Gratefully Kelly got to her feet, glad to have the opportunity to shake off Julian’s wandering hand. Her dislike of him was growing by the minute—and not just on her own behalf. The minute Julian had mentioned Eve’s trust fund Kelly had immediately been aware from his avaricious expression just where the other girl’s attraction for him lay. Poor thing, like Beth before her she was obviously too unworldly and naive to see through him, but surely her brother must be able to recognise just what Julian was like.
Although he had listened in silence to Julian’s conversation throughout the meal, more of an observer than a participator, Kelly had been keenly aware of the intensity of his silent scrutiny of them all. Was she being over-sensitive in thinking that he had been particularly watchful where she was concerned? At one point, just before the Master of Ceremonies had provided his welcome diversion, Kelly had actually felt as though Brough Frobisher’s gaze was somehow burning a laser-like beam right through the table to where Julian’s hand was resting on her leg. Not that she had wanted it to be there. She gave a small shudder. He repulsed her now even more than he had done before.
‘I can’t encourage him. I don’t like him. He’s loathsome,’ she had protested despairingly to Dee last night.
‘All you have to do is let him think that you’re interested in him,’ Dee had soothed her. ‘All we need is for him to show himself in his true colours so that we can …’
‘So that we can what?’ Kelly had pounced, but Dee had simply given her a mysterious smile.
The speeches were almost over; the Master of Ceremonies had announced that there would be dancing in the ballroom. Hopefully then she would be able to escape Julian’s unwelcome attentions, since he would be duty-bound to dance with Eve.
‘Your lipstick’s all gone and your hair needs brushing,’ she heard Julian saying critically to Eve as the speaker sat down.
‘I’m afraid Eve doesn’t really have much idea about how to dress properly. She isn’t into designer clothes. I dare say you didn’t have much change out of a thousand pounds when you bought yours?’ he questioned, and Kelly knew from the look in his eyes that the news of her supposed inheritance had already reached him via that mysterious ‘grapevine’ Dee seemed to know so much about. As he spoke Julian’s glance slid from Kelly’s eyes to her mouth, and he murmured in a much lower voice, ‘Mind you, one has to admit the poor darling doesn’t exactly have the right kind of raw material … unlike you … Has anyone ever told you that you have the most amazingly sexy eyes … and mouth …?’

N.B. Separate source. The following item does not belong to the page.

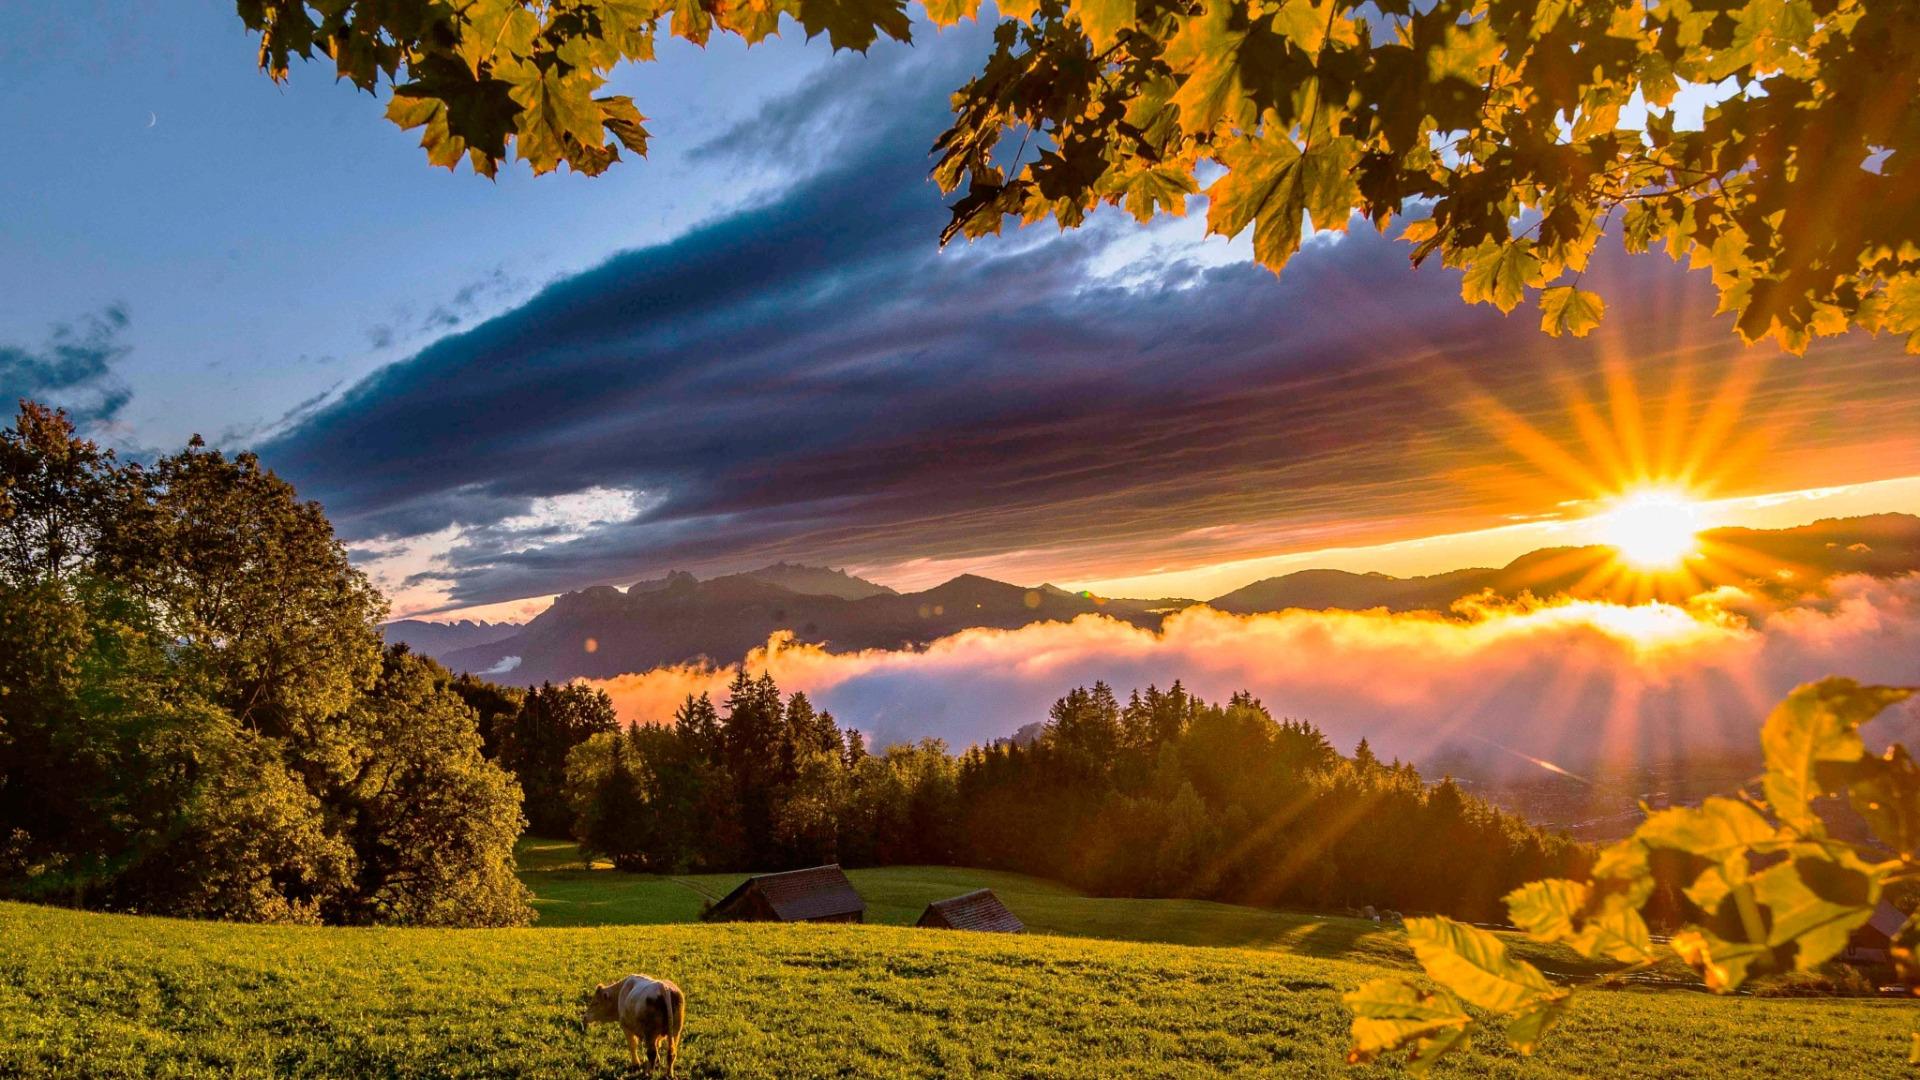 картинка пейзаж солнце испанки

Kelly had to fight to suppress the dark tide of colour threatening to betray her feelings. It wasn’t embarrassment that was driving the hot blood up under her skin, but anger. How dared he behave so insultingly towards his girlfriend? No wonder she was looking so unhappy. But that was no reason for her brother to give her, Kelly, such a contemptuously angry look. She wasn’t the one who was responsible for Eve’s humiliation.
‘I was just going to go to the Ladies to tidy up myself,’ she fibbed, smiling warmly at Eve. ‘Do you want to come with me?’
‘Oh, yes …’
Smiling with relief, Eve got up to accompany her.
‘Have you known Julian long?’ she asked Kelly shyly as they stood side by side in the elegantly decorated cloakroom, studying their reflections in the mirrors in front of them.
‘Mmm … quite a while,’ Kelly responded.